Stem cells are a unique population of cells, not only because they maintain tissues, but also because they divide very slowly and are sparsely numbered.
It is these properties which make isolating the stem cells very difficult for researchers.
Traditionally, the isolation of stem cells has focused on specific cell-surface markers, usually proteins that help identify a cell as a particular type.
These proteins can be characteristic of a certain stem cell or can help to enrich the number of stem cells isolated.
Isolation is performed using a fluorescence-activated cell sorter (FACS) that separates individual cells based on these characteristic surface proteins.
As rewarding as this method has been, it is not without its associated problems. Most stem cell surface markers are dynamic and so isolating cells based on a fluctuating population is difficult.
With this problem in mind, Sharkis developed a new approach to isolating HSC using centrifugation and a strategy known as homing, where the stem cells are drawn to a location in the living organism.
The crucial step in the protocol involves removing the animal's bone marrow, the location where most of the HSC reside.
The bone marrow is then separated by centrifugation, or high-speed spinning. This separates the cells based on their density.
Taking the cells at the correct density, they then undergo a process known as lineage depletion. This step separates the HSCs from mature cells, such as red blood cells.
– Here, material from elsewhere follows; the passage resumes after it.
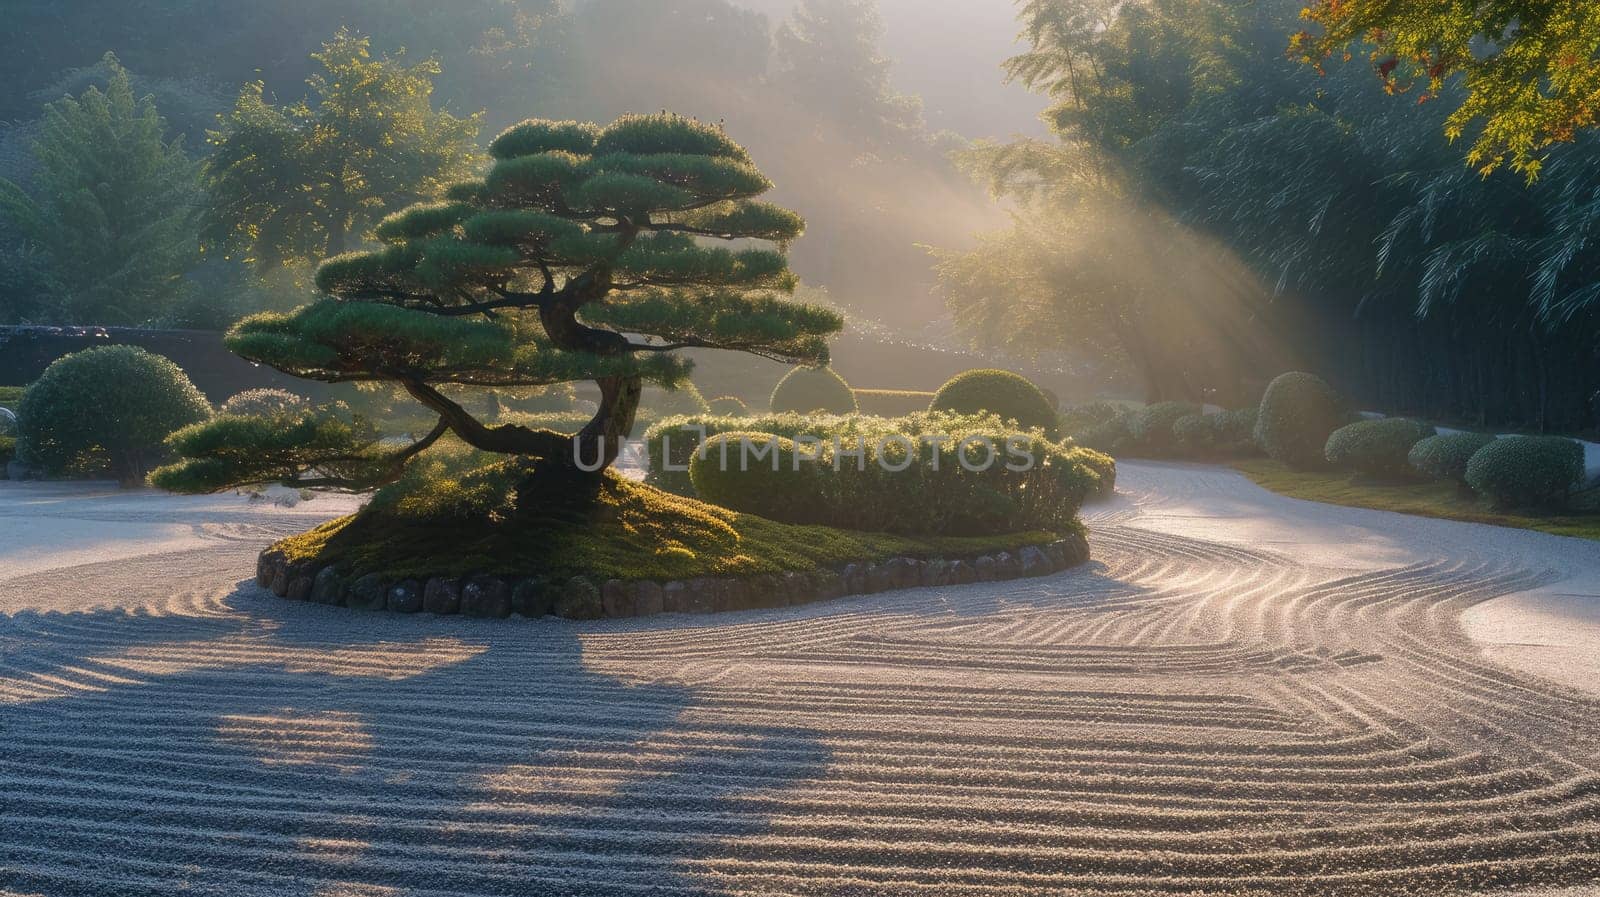 A beautiful sunrise illuminates a Japanese Zen garden, highlighting the elegant forms of meticulously maintained bonsai trees. Resplendent.

After lineage depletion, this population of cells is stained with a fluorescent dye. The stained cells are then injected into immunocompromised mice, which have immune systems that will not attack the injected cells.
From here, the HSCs "home" to their niche, which is located in the bone marrow. The niche is a protective compartment that regulates stem cells.
After two days of growth in the mice, the bone marrows are flushed once again and the HSCs are isolated using FACS, which sorts cells based on certain characteristic fluorescence.
The cells that are positive for the fluorescent dye are isolated and these are the HSCs which can then be used for scientific research.
This method of FACS is different from previous methods of FACS because it stains the nuclei of the cells and tracks them based on the nuclear stain, not a cell surface-marker stain.
Not only will this method decrease the variability associated with previous isolation methods, it also uses the innate system of the donor mouse to culture and expand the cells.
The novel method created by the researchers will prove invaluable as research into hematopoietic stem cell biology continues.
This method may also be applied to stem cells in other compartments, although it has not yet been tested in these other tissues or organs.
With the promise of stem cell-based therapies, it is imperative to create standardized methods, which isolate stem cells based on their quiescent, or non-dividing, state.
If this is done, medical therapies will be one step closer to reality for patient with life-threatening diseases.